Emploi : quitter ses études augmente le risque de chômage
En France, 20 % des 15-34 ans déclarent avoir déjà interrompu leur scolarité initiale, selon une étude publiée par l’Insee en 2026. Dans de nombreux cas, cet abandon pèse durablement sur l’accès à l’emploi.
Un décrochage aux conséquences variables
Parmi les 16 millions de jeunes français âgés de 15 à 34 ans, un sur cinq indique avoir abandonné une formation initiale. Ce taux dépasse la moyenne de l’Union européenne, établie à 14 %, précise l’Insee.
Toutes les situations ne se ressemblent toutefois pas. Dans 39 % des cas, l’interruption débouche sur une réorientation ou un redoublement après quelques mois. Ces parcours « accidentés » n’entraînent pas de sur-risque significatif de chômage par rapport aux jeunes n’ayant jamais interrompu leur formation, en se basant sur des caractéristiques comparables. Un écart demeure cependant, la probabilité d’accéder à un emploi cadre restant inférieure d’environ un tiers.
La situation est plus délicate lorsque l’abandon marque la fin des études. Or, dans 43 % des cas, l’arrêt de formation est définitif, souligne l’Insee.
Un risque accru de chômage et d’emplois précaires
Les écarts d’insertion sont marqués. En 2024, 23 % des jeunes ayant arrêté définitivement leurs études sont au chômage, contre 15 % pour ceux n’ayant jamais interrompu leur formation. Même à profil comparable (origine sociale, genre, niveau de diplôme, expérience professionnelle), l’abandon reste pénalisant, puisqu’il augmente de 33 % le risque d’être au chômage.

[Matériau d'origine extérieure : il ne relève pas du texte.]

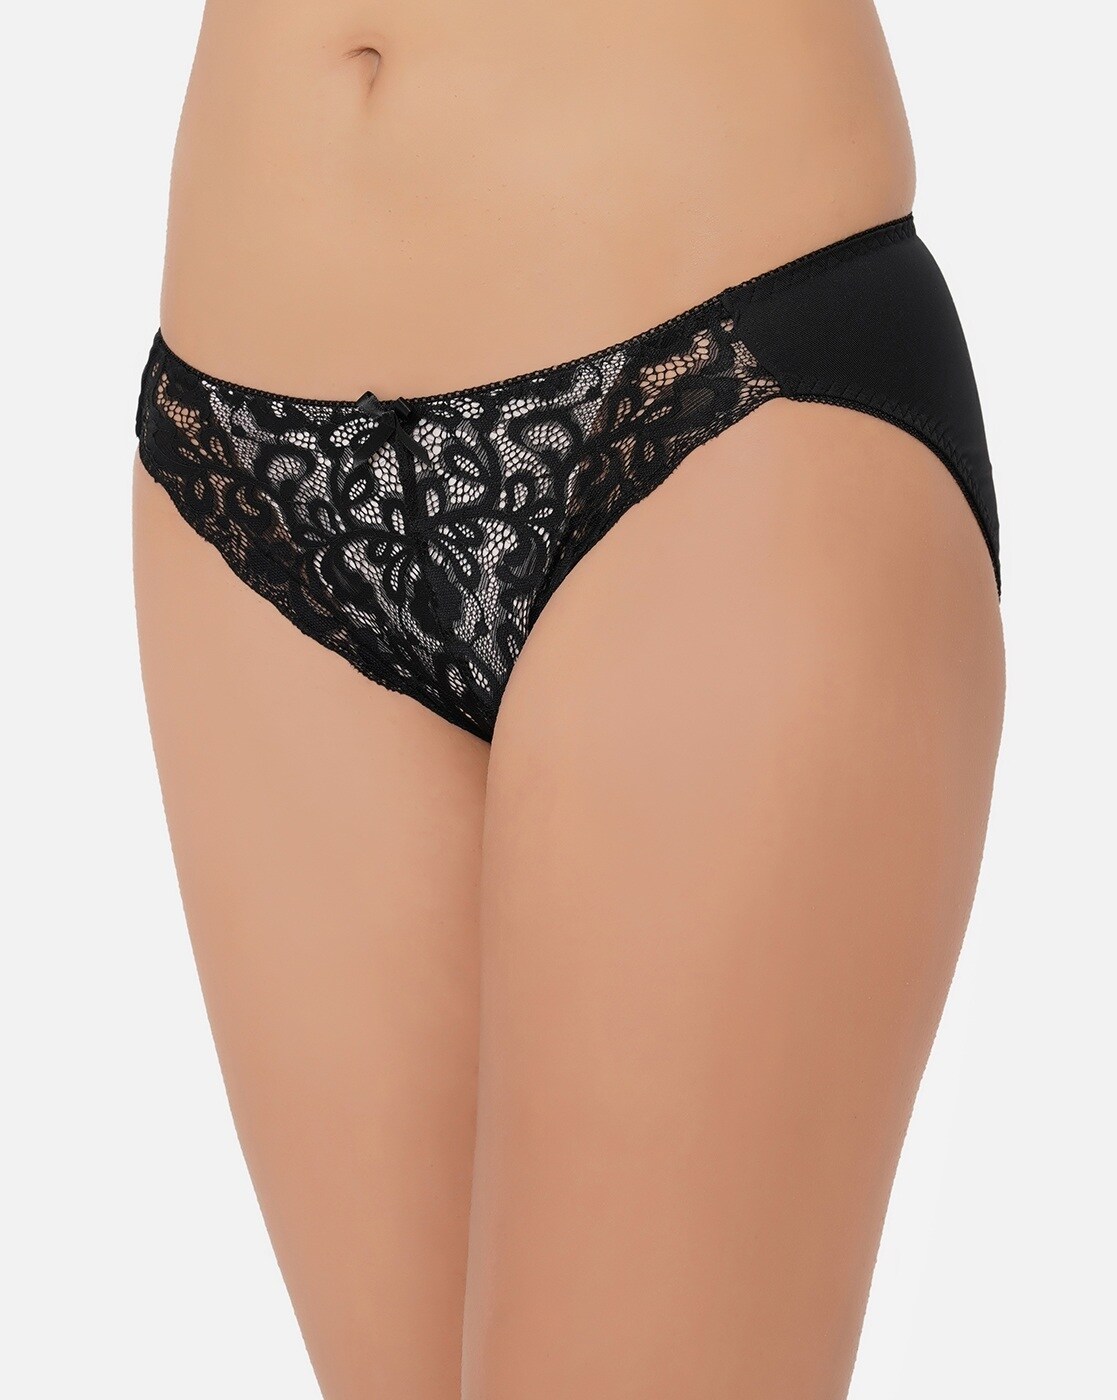 Lace Hipsters Panties

Le niveau de diplôme joue aussi un rôle déterminant. Seuls 11 % des jeunes ayant quitté définitivement leur formation sont titulaires d’un diplôme supérieur à la date de l’enquête. Le décrochage avant le baccalauréat apparaît particulièrement pénalisant. En effet, dans deux cas sur trois, il est alors définitif.
Lorsqu’ils occupent un emploi, leurs conditions sont aussi plus fragiles :
- 20 % sont en CDD ou en intérim (contre 14 %) ;
- 9 % travaillent à temps partiel (contre 5 %) ;
- et seuls 8 % accèdent à un poste de cadre (contre 24 % pour les autres jeunes).
Des conséquences directes sur l’équilibre budgétaire
Dans un contexte de ralentissement économique et de progression du chômage, ces écarts d’insertion ont des répercussions concrètes sur la situation financière des ménages. Un accès plus difficile à l’emploi stable signifie des revenus plus irréguliers, une capacité d’épargne réduite et une exposition accrue aux imprévus.
La précarité contractuelle ou les périodes de chômage prolongées peuvent compliquer la gestion des charges fixes (loyer, énergie, remboursements de crédits). Et dans certains cas, l’accumulation de dettes peut conduire à des situations de surendettement, nécessitant un accompagnement spécifique pour rétablir l’équilibre budgétaire.